I'm going to send you my darlin' Callie for a weekend so she can wake you up at 1 in the morning to go treasure hunting. :HistericalSmiley:

And I LOVE that you put up a fence inside a fence!! What we won't do for our babies. Yes I remember that pic you took of that eagle! So scary!



edelweiss said:


> Crysta, if it is tall enough 4-6 feet you might consider putting up a green mesh netting over the top (I use this on my tomato plants that I grow upward to keep birds out). It can be taken down & replaced easily & would totally prevent hawks entrance to a run. That way it could be long & not so wide for running for the pups.
> There are certainly lots of other kinds of mesh that can be used. It would give you peace of mind!

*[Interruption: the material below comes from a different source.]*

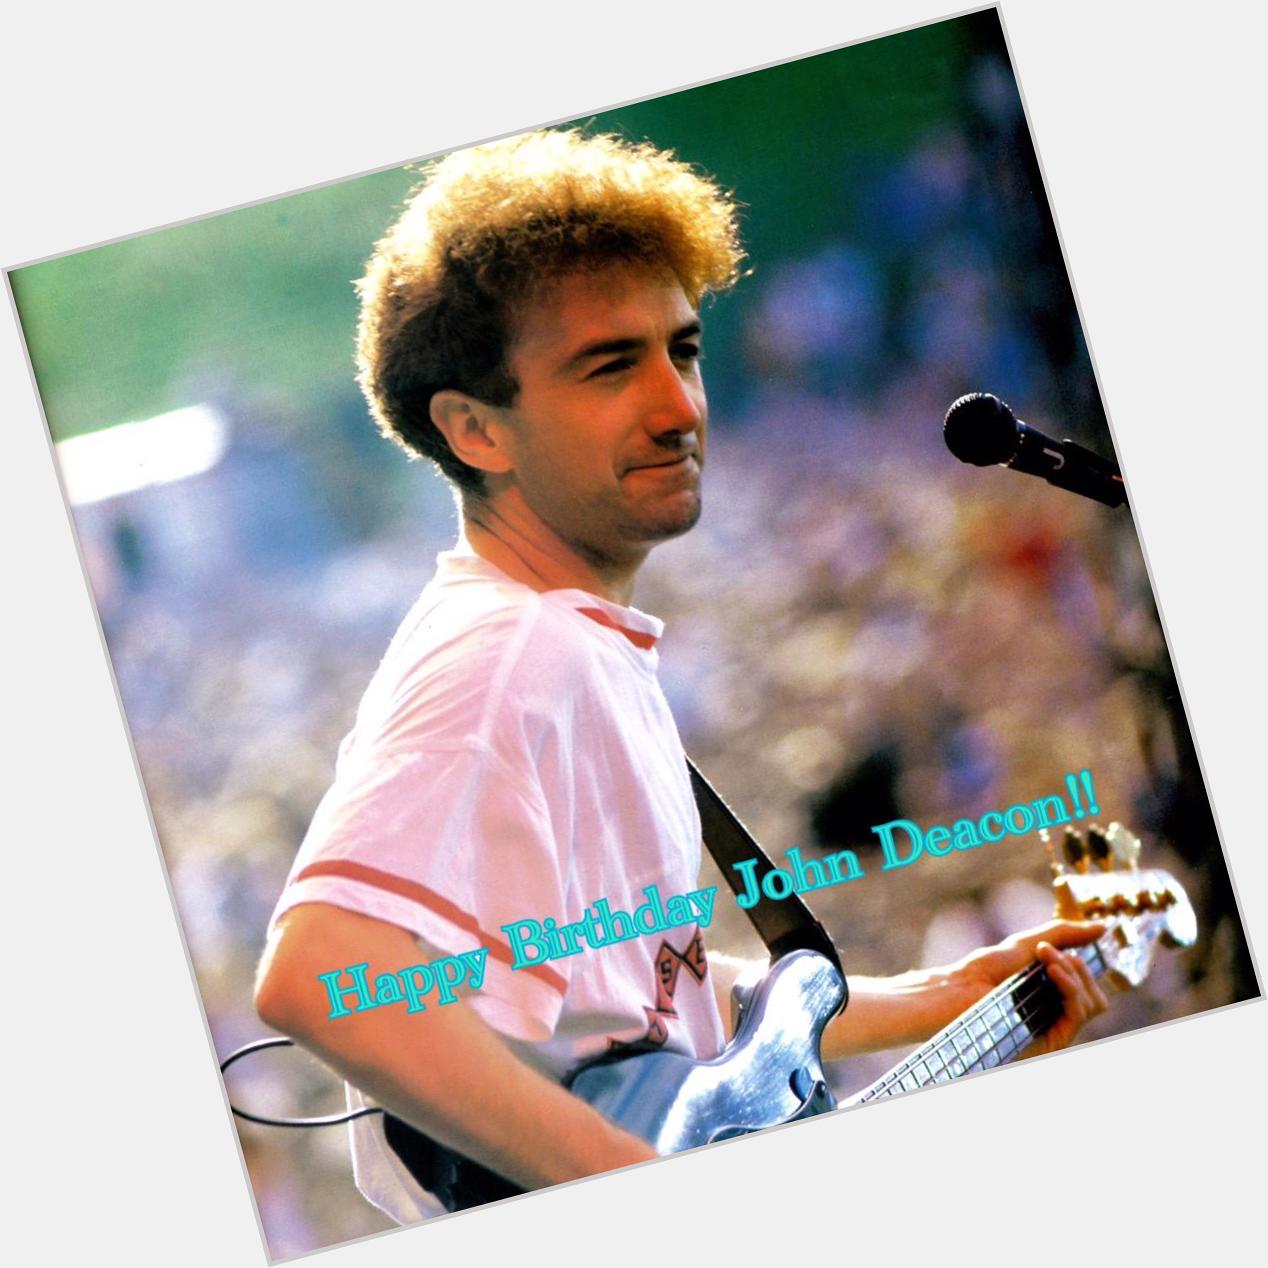 Happy Birthday John Deacon I Wish You Always Smile With Your Family   
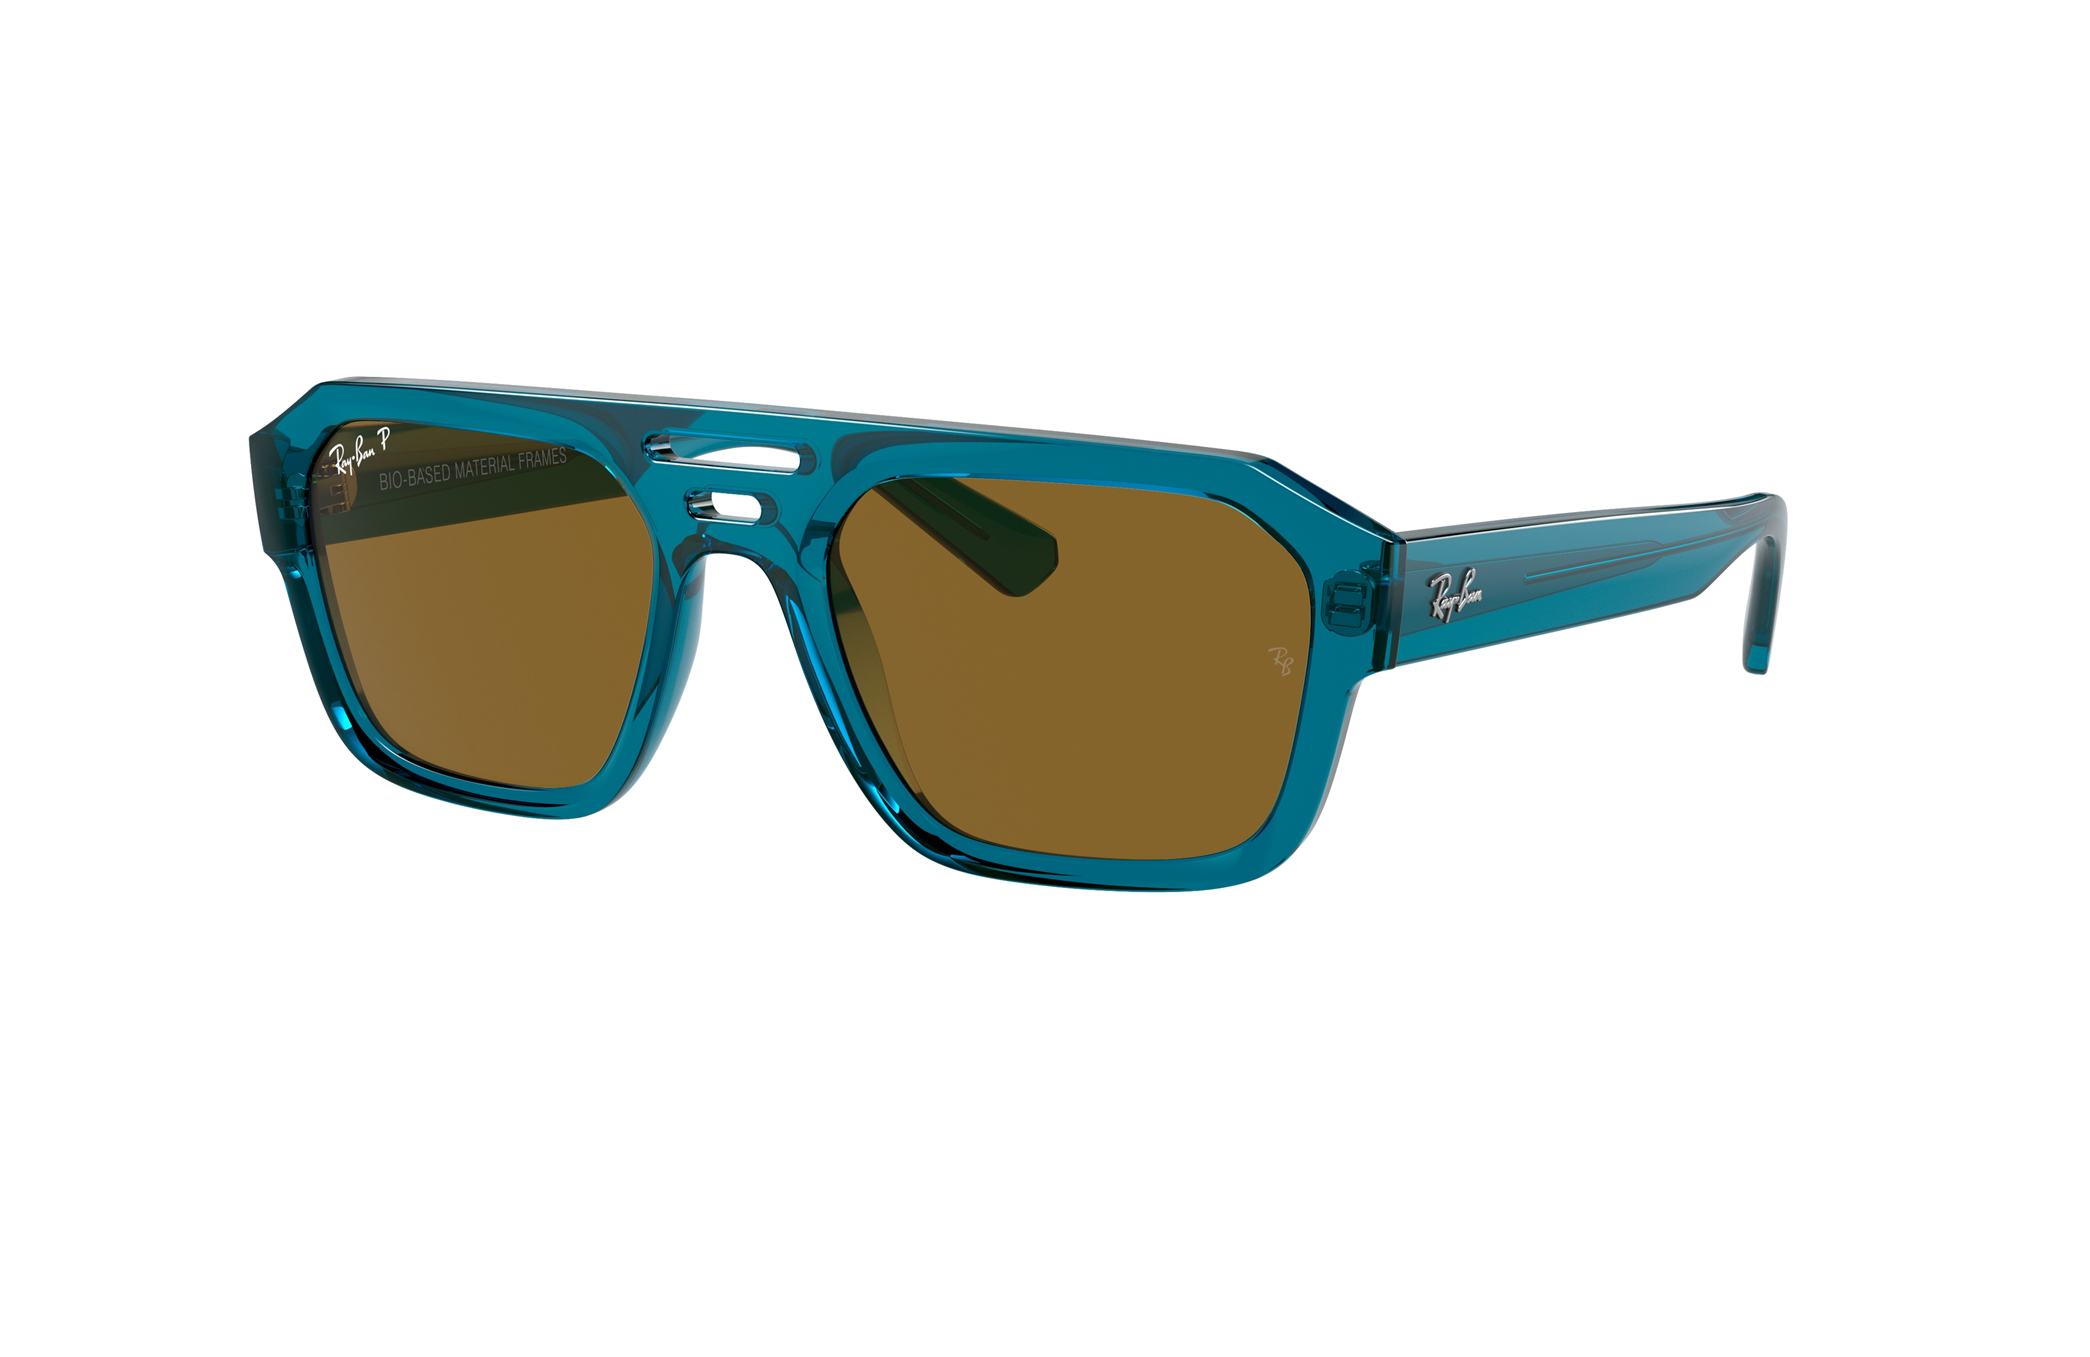 LIOUMO New Design 3 In 1 Magnetic Clip On Glasses High Quality Polarized  Sunglasses Men Women Anti-Glare Eyewear gafas de sol

You know, the more I'm thinking about it, the more I like the idea of some type of netting that I can take on and off for the top. Jett & Callie get hardly any sun being here at the store with me and on a Sunday, if it's nice and sunny, it would be nice to be able to let them enjoy laying in the grass and soaking up some rays and I could be just inside in the kitchen but not sitting outside with them.


----------



## Canada (Jun 4, 2009)

The fence is a really pretty design.
Let us know how it works if you go ahead with it.

I have the link saved, and if it works good for your crew,
I might try to find it here to use in my yard.
We just got a Lowe's here last year.


----------



## gigigirlz (Jun 18, 2007)

Like the fence....Hate, Hate, Hate the Hawks....


----------



## Barb and the boys (Oct 26, 2007)

That's my fence!! I took down white lattice that I had around the Pooey Lawn and put up this fencing. I have it going from my outside fence, 5 panels, turn 3 panels and the last turn is behind my kiwi arbor. 

I have probably had it up a year and it is great. I would take a picture, but the black just disappears into the background. 

I have no problems in keeping the lawn down, it has stakes that you put down in the ground on the ends, and I just weed whip around them. The hinge is just a slot and peg system, so if you are going to be using it as a gate, I would secure with a tape or something, because if one side is raised up, it will come out of the slot. There are other styles of fence with matching gates, but the leaf pattern did not have a match.

If you need to cover to keep the hawks out, but let the sun in, I would just get some bird netting and it could easily be attached to the top, and removed for mowing.

The old lattice gave Twinkie more privacy when he had to do his "duty", and when it first went up, he could see to the back of the yard where the cats are and he was a little reluctant to poop. He got over it soon.

Good luck if you decide to get it. I am thinking about getting more and using it in the front yard for my climbing roses.

Barb & Twinkie


----------